Una minaccia economica e militare appena velata
Alla domanda sulle sue intenzioni nei confronti di Panama e Groenlandia, Trump ha detto: “Non posso confermare nulla. Abbiamo bisogno di questi territori per la nostra sicurezza economica. » Non ha escluso la possibilità di azioni militari, sottolineando che gli Stati Uniti potrebbero “essere costretti ad agire”.
Questa affermazione fa eco al suo discorso sul forza economicache intende usare anche contro Canada. Trump ha menzionato il suo desiderio di unificare i due paesi, vedendo la fusione come un passo avanti positivo per la sicurezza nazionale ed economica.
Gravi misure protezionistiche
Il presidente eletto ha anche annunciato l’intenzione di imporre tariffe “estremamente rigide” sugli scambi con i paesi Messico e il Canada.

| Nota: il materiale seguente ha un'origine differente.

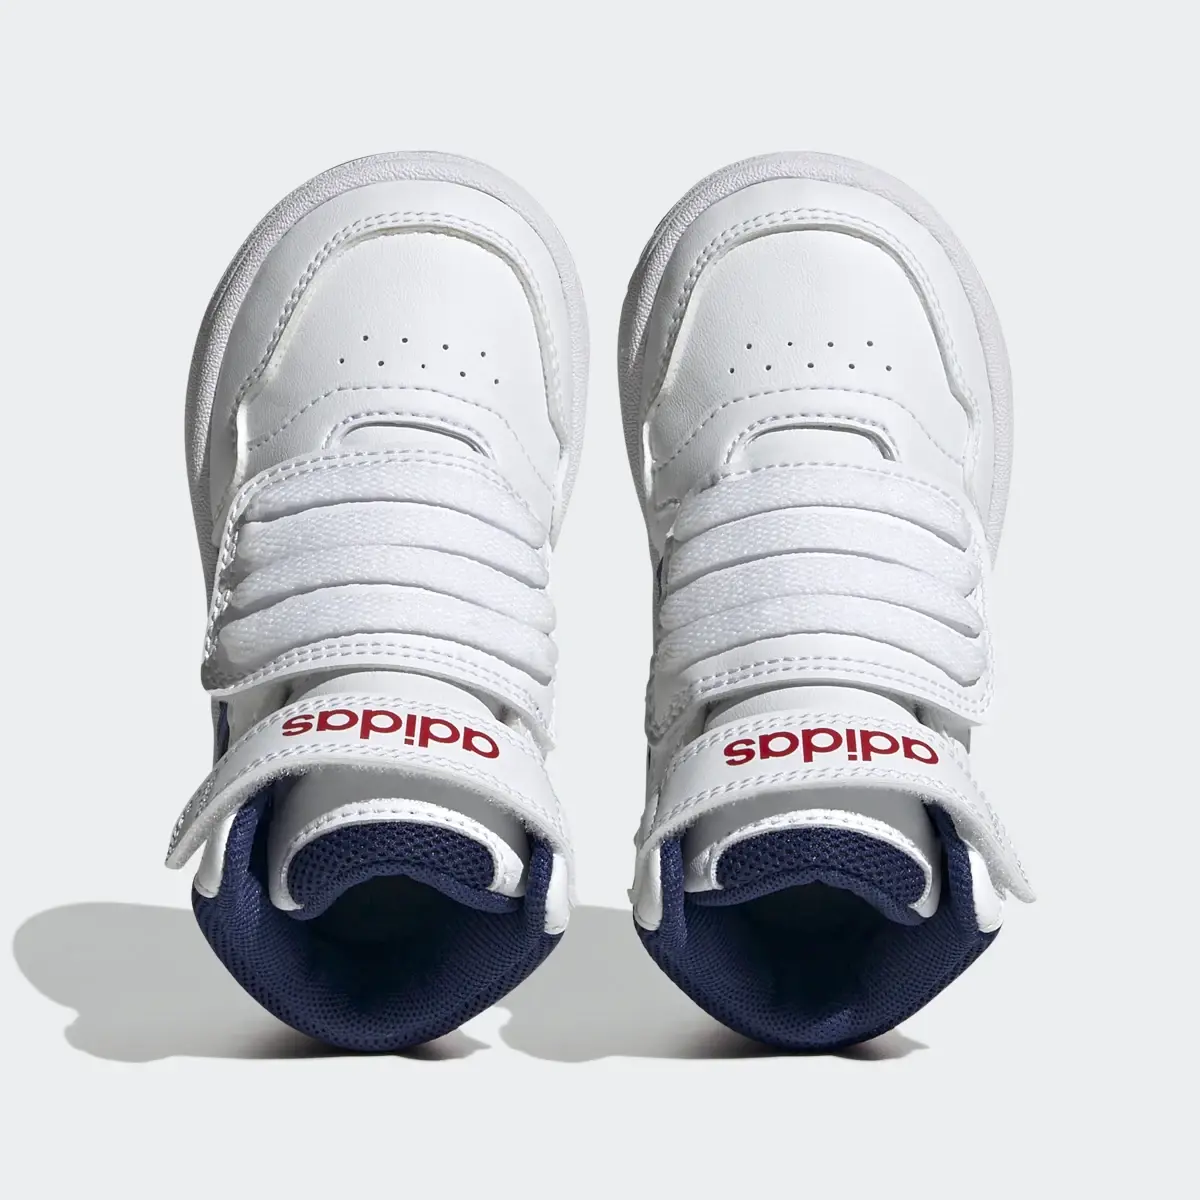 Adidas Scarpe Hoops Mid. 3

Riguardo al Messico, ha rinnovato la sua critica all’immigrazione clandestina, affermando: “Il Messico deve smettere di permettere a milioni di persone di attraversare le nostre frontiere. »
Trump ha anche spiegato che il cambio del nome del Golfo del Messico In Golfo d’America rifletteva meglio, a suo avviso, l’identità nazionale e geografica degli Stati Uniti.
Maggiore pressione sulla NATO
Nella stessa conferenza, Trump ha esortato i membri della NATO ad aumentare le loro spese militari 5% del tuo PIBben oltre l’attuale obiettivo di 2%. Ha accusato i membri dell’alleanza di non contribuire equamente alla propria difesa, pur affermando: “Tutti possono permetterselo”. »
Un discorso polarizzante prima di entrare in carica
Queste dichiarazioni arrivano a pochi giorni dal suo insediamento ufficiale, previsto per il 20 gennaio 2025. Riflettono un atteggiamento protezionista e una visione geopolitica incentrata sul dominio economico e militare degli Stati Uniti, alimentando dibattiti sul suo approccio alle relazioni internazionali.